I have looked on youtube but it id hard to tell 
as they are a 2 chamber muffler I am guessing they would be quieter then my straight through ones
I may just change the rear muffler to something bigger as I don't want to get the 44's and it is still loud
cheers


----------



## Ronin GTO (May 28, 2008)

vxssls1 said:


> I have looked on youtube but it id hard to tell
> as they are a 2 chamber muffler I am guessing they would be quieter then my straight through ones
> I may just change the rear muffler to something bigger as I don't want to get the 44's and it is still loud
> cheers


Fair enough. Good luck to you and, when you make you choice, please post up your results. :cheers


----------



## vxssls1 (Sep 9, 2006)

Ronin GTO said:


> Fair enough. Good luck to you and, when you make you choice, please post up your results. :cheers


will do 
dont know when I will get around to it at this point in time 
some of the reason I was looking at the 44's is they are cheap they 2 exhaust guys I have spoken to here have quoted me $350 and $395 for the rear muffler changed to a bigger one


----------



## 2006GTOLS2 (Sep 23, 2005)

I don't have a video of my Super 44 setup yet, but here is a clip of my Super 40 setup w/H-Pipe.

http://gto.zftp.com/GTO2.wmv


----------



## vxssls1 (Sep 9, 2006)

are the super 40's quieter then the 44's
and has anyone compared these to straight through mufflers
are the 40's and 44's quieter then straight through mufflers


----------



## NJG8GT (Nov 14, 2007)

Straight through mufflers are always generally lounder...Super 40's are quiter than the Super 44s...There is also original 40 series was the loudest until the Super 44s came along....The super 44 is suppose to have better sound and better flow path than the original 40.. No drone from the 44s.

Now, I have been told by the muffler man and many that the other Super 40, 50 mufflers do have some drone and are quieter.. For performance and american muscle car sound go with the Super 44 series...

I had super 44s on the goat and it sounded awesome..I converted a couple guys on this forum to go with the 44s and they love 'em...

The Super 44 muffler case is smaller than the others in size as well.. They fit perfect in stock location under the goat...Muffler man added some pipe in area where stock muffler was due to them being smaller than stock...

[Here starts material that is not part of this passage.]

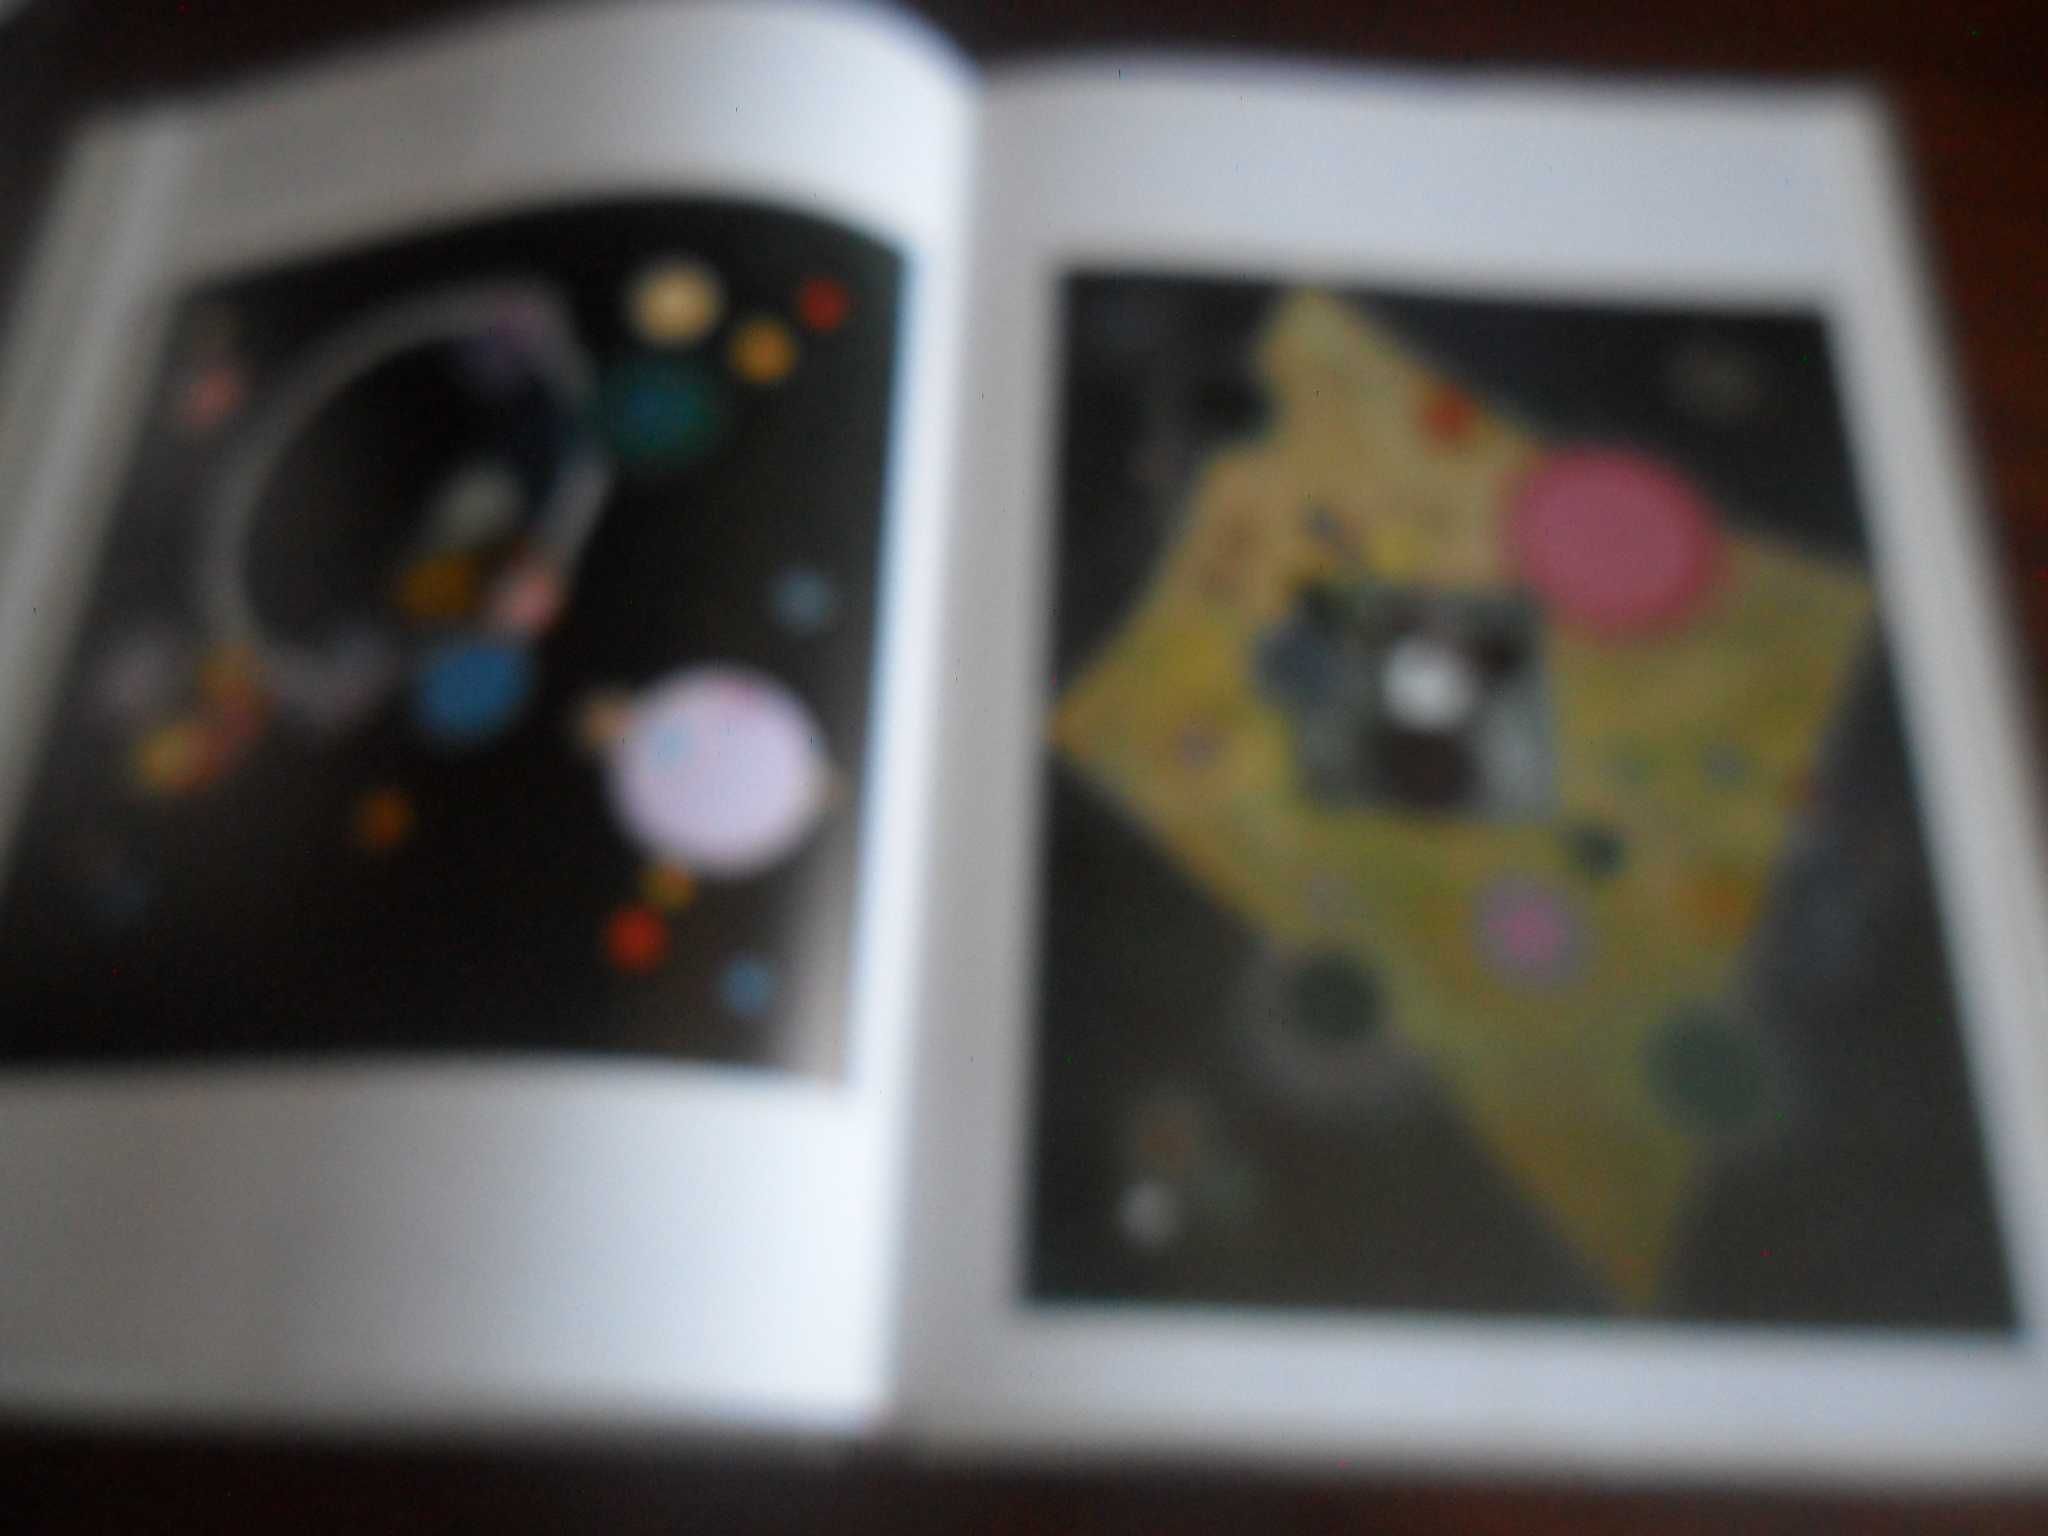 "Kandinsky" de François Le Targat - 1ª Edição de 1986

My new ride the Sierra is gonna have the Original 40 series muffler put on, due to that is what sounds best on trucks according to the five star muffler man who has not let me down yet after doing over a dozen exhausts on several of my previous vehicles....Ex.'91 Dodge Ram Charger,'94 Dodge Dakota, '95 Dodge Ram 1500, 96 GMC Sierra, 98 Chevy Silverado, 99 Pontiac Formula, '01 Dodge Ram, 02 Dodge Dakota, 05 Chevy Silverado, 06 Pontiac GTO, and now '07 GMC Sierra....eh, I might be missing some..

Anyway, I like flowmaster!!:lol:


----------